TEMPO.CO, Jakarta - Cinta pertama remaja bisa jadi manis, tetapi juga sangat memilukan. Ketika putus cinta, orang tua terpaksa melihat anak mereka mengalami perasaan sakit yang mungkin belum pernah mereka alami. Ini bisa memilukan bagi semua pihak.
Tapi Teri Apter, seorang psikolog di Cambridge dan penulis The Teen Interpreter, mengatakan anak laki-laki yang biasanya lebih sulit menghadapi putus cinta. Apter memberi tahu Yahoo Life bahwa ini dikaitkan dengan gadis-gadis yang biasanya memiliki jaringan pertemanan yang lebih besar untuk meminta dukungan. Teman dekat ini bertindak sebagai co-regulator emosi.

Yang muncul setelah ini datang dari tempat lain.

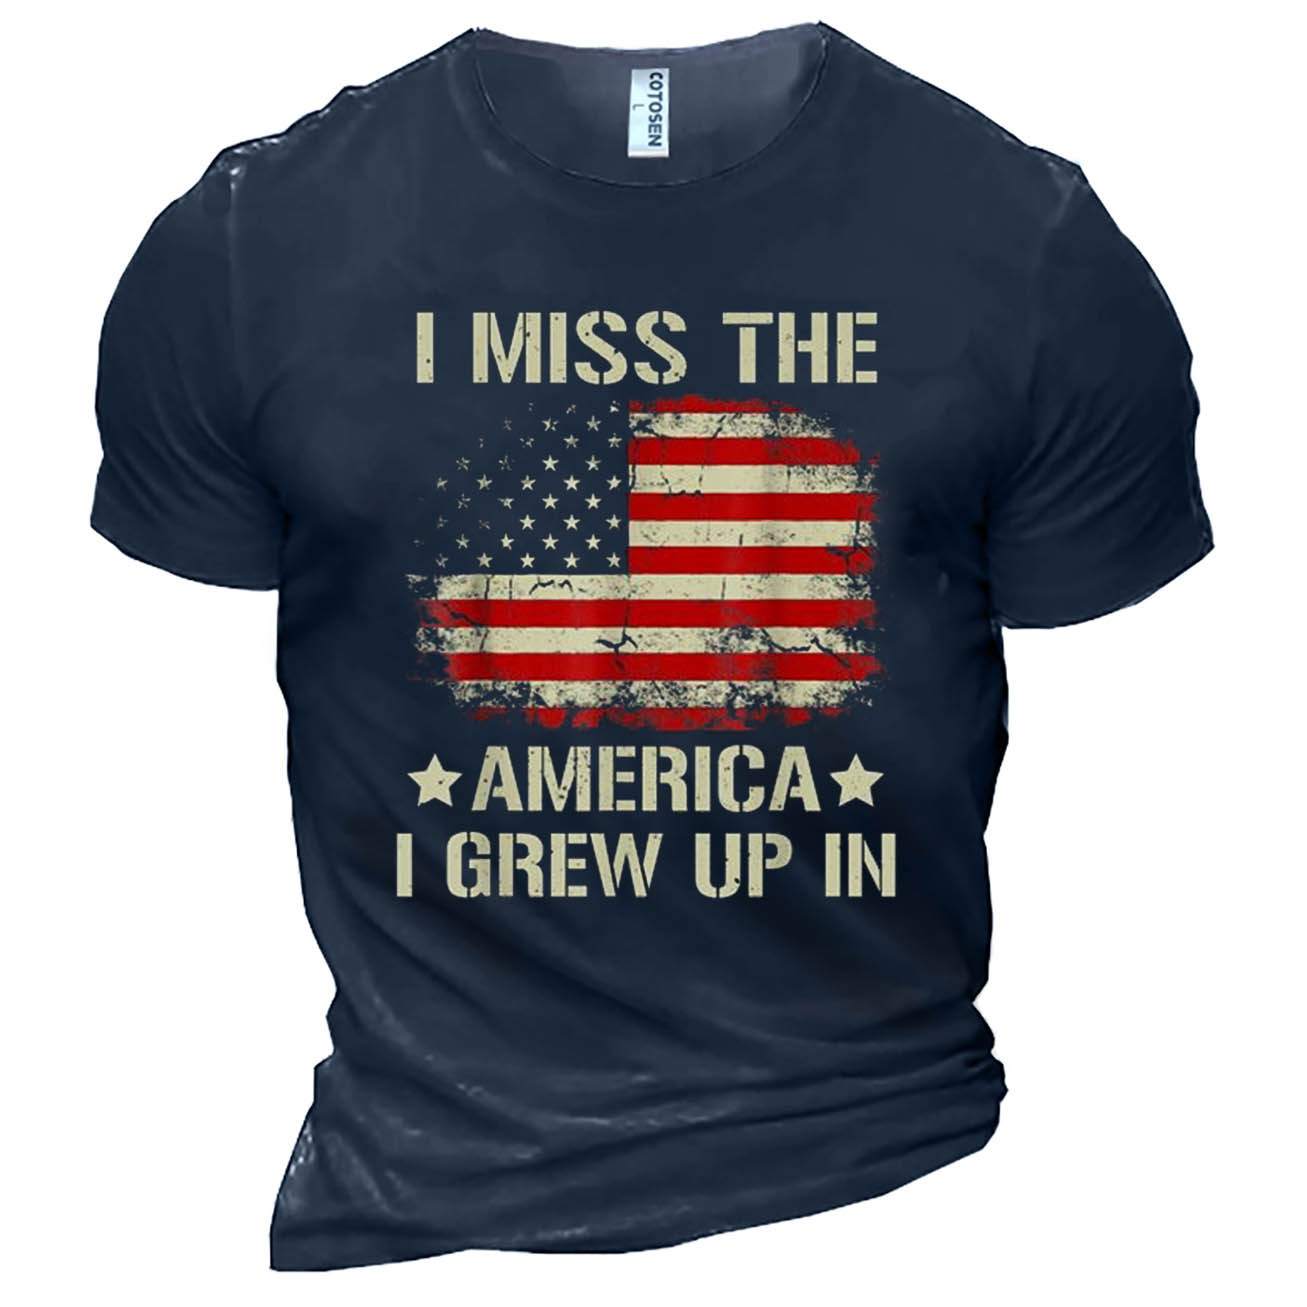 Men's Vintage I Miss Chic The America I Grew Up In American Flag Cotton T-shirt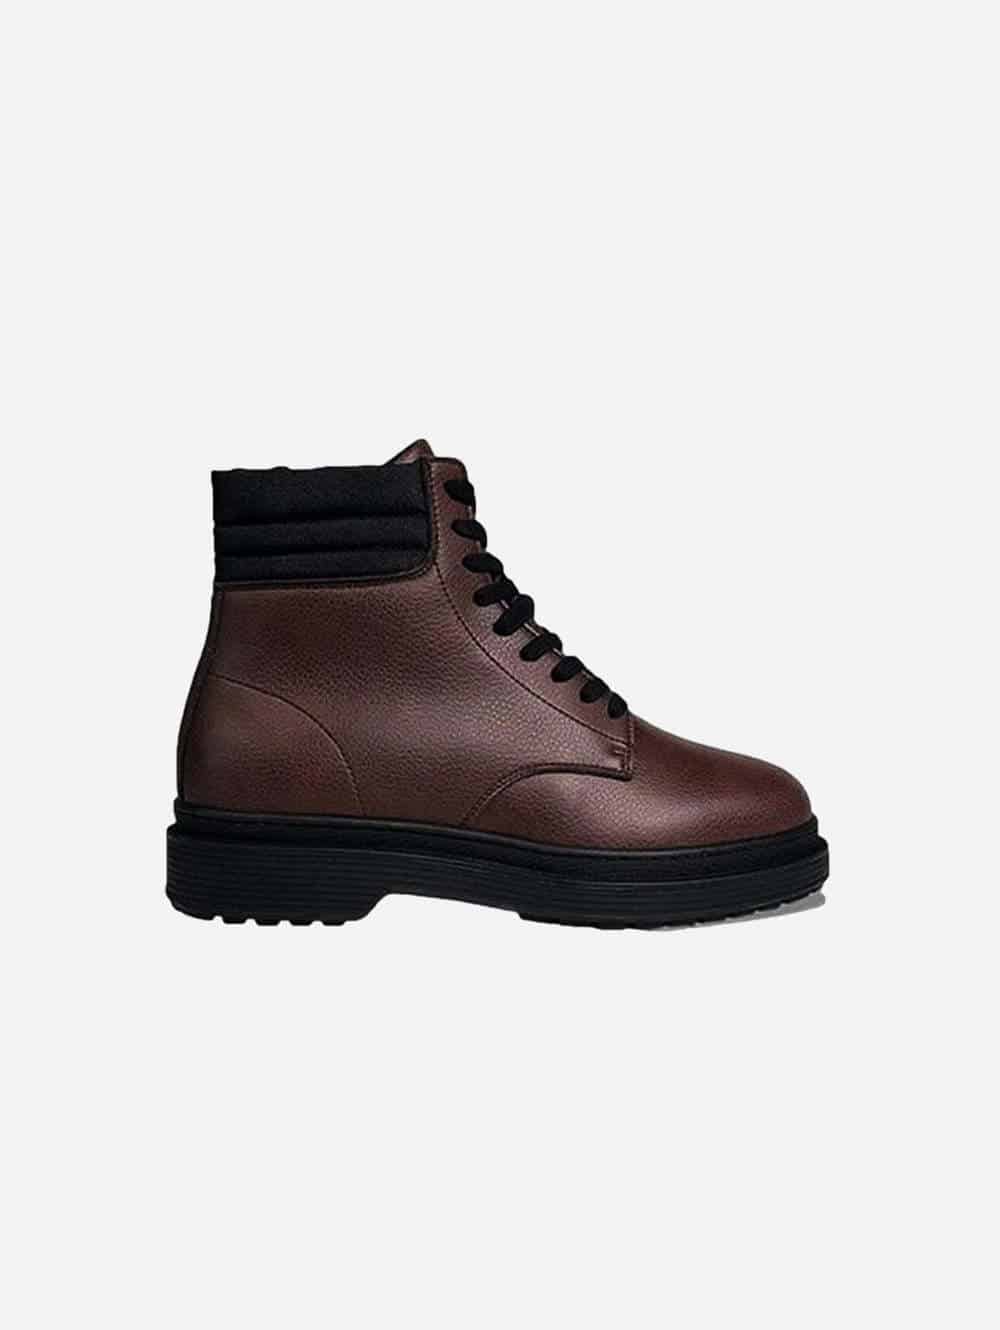 Brown lace up vegan leather mens boots

“Melalui percakapan intim, teman membantu mereka merefleksikan perasaan mereka, menstimulasi fungsi eksekutif otak yang dapat menyebabkan kecemasan dan keputusasaan,” kata Apter. “Tapi anak laki-laki, karena mereka cenderung menutup diri dalam persahabatan di masa remaja akhir, ketika kode pria memaksakan tuntutannya untuk menjadi kuat dan mandiri dan memikul beban emosional dalam diam, lebih bergantung pada pasangan romantis yang mungkin menjadi satu-satunya sumber cinta dan keintiman mereka. Selain itu, anak laki-laki cenderung memiliki persahabatan yang lebih stabil dan kurang terlatih dalam perpecahan dan perbaikan yang dipelajari anak perempuan di akhir masa kanak-kanak. Perpisahan romantis pertama kemudian menjadi trauma yang sangat lambat mereka proses.”
Terlepas dari jenis kelamin anak, Tashuna Hunt, seorang terapis yang menangani remaja di Grand Rapids, Michigan, mengatakan ketika patah hati remaja, orang tua yak harus segera menawarkan nasihat. Sebaliknya, jeda dan dengarkan.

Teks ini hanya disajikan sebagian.